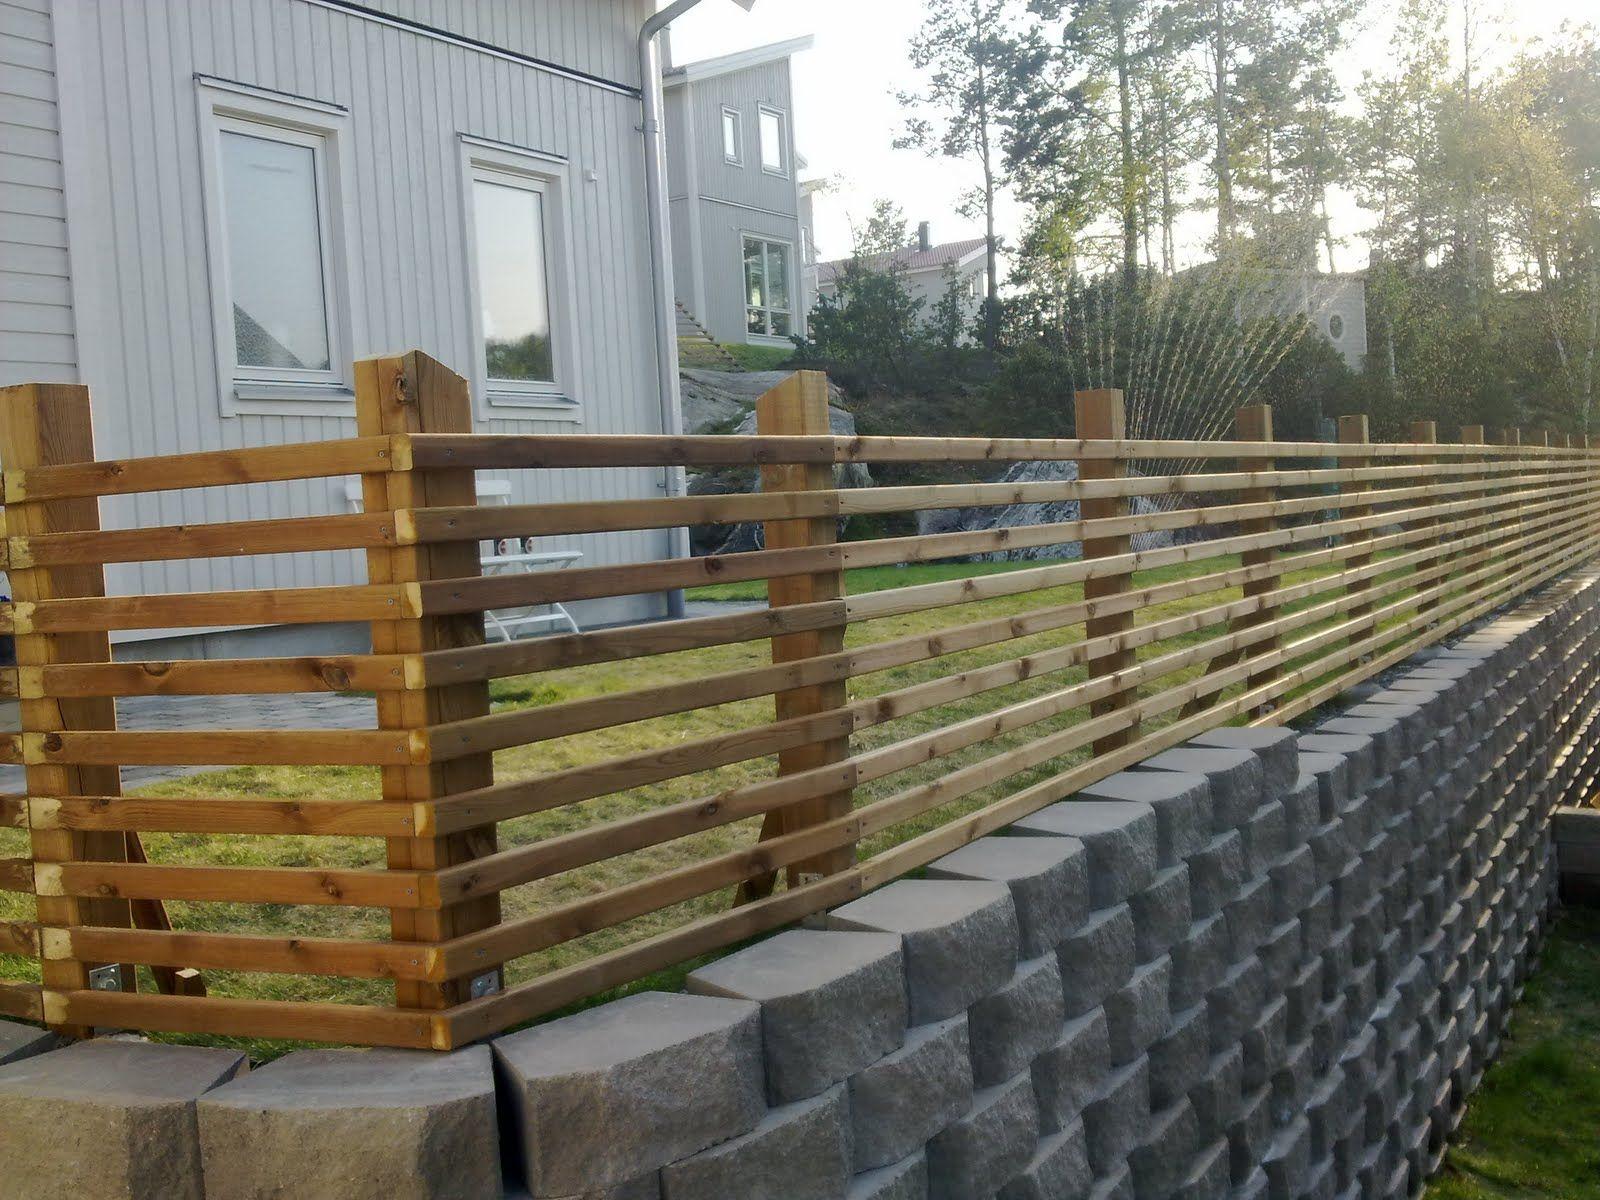 fence ideas Patio garden design, Building a fence, Front
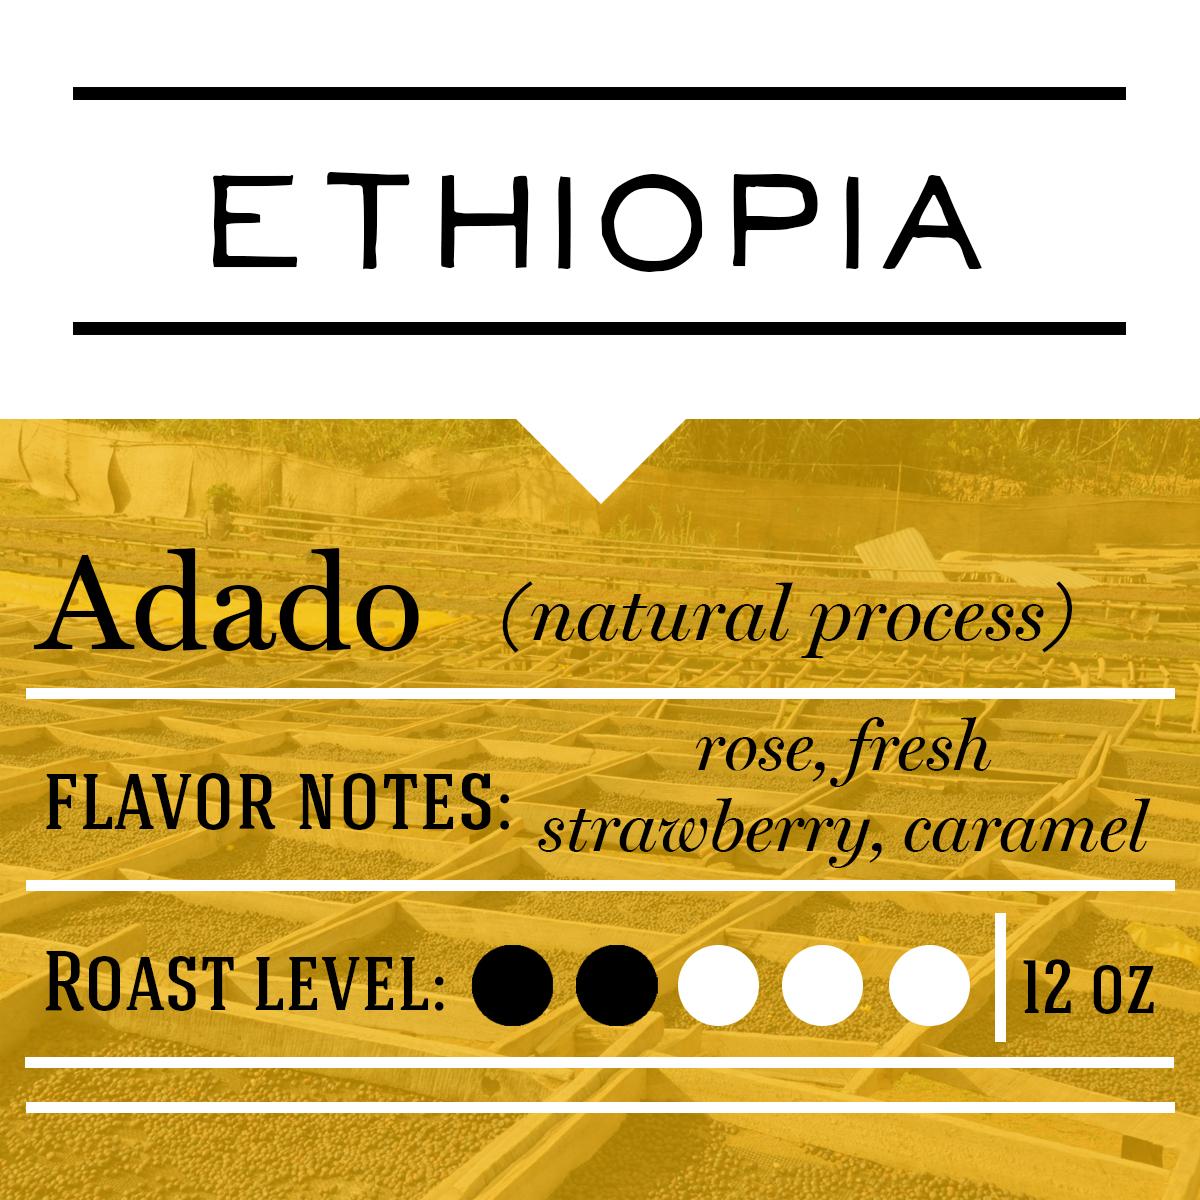 Ethiopia Idido Coffee - Patriot Coffee Roaster - Central Florida
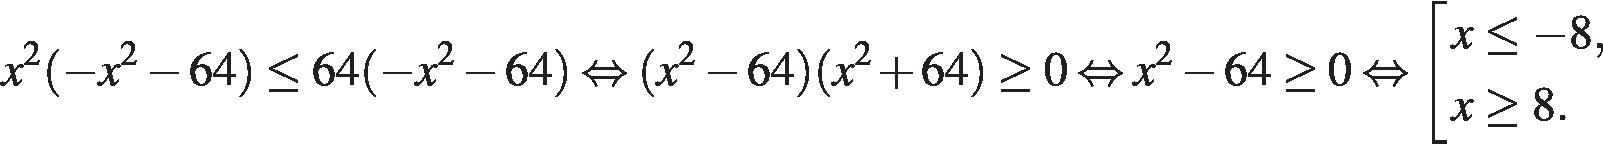 http://sdamgia.ru/formula/84/84df0aa41a9b363e3c255d359d173951p.png
________________________
> **WHAT IS EXPECTED**
Omitting all pictures, retype exactly the lines from the line containing "Ethiopia Idido Coffee" down to the last line above, both ends included.

> **PROBLEM SOLUTION**
 Ethiopia Idido Coffee - Patriot Coffee Roaster - Central Florida
 http://sdamgia.ru/formula/84/84df0aa41a9b363e3c255d359d173951p.png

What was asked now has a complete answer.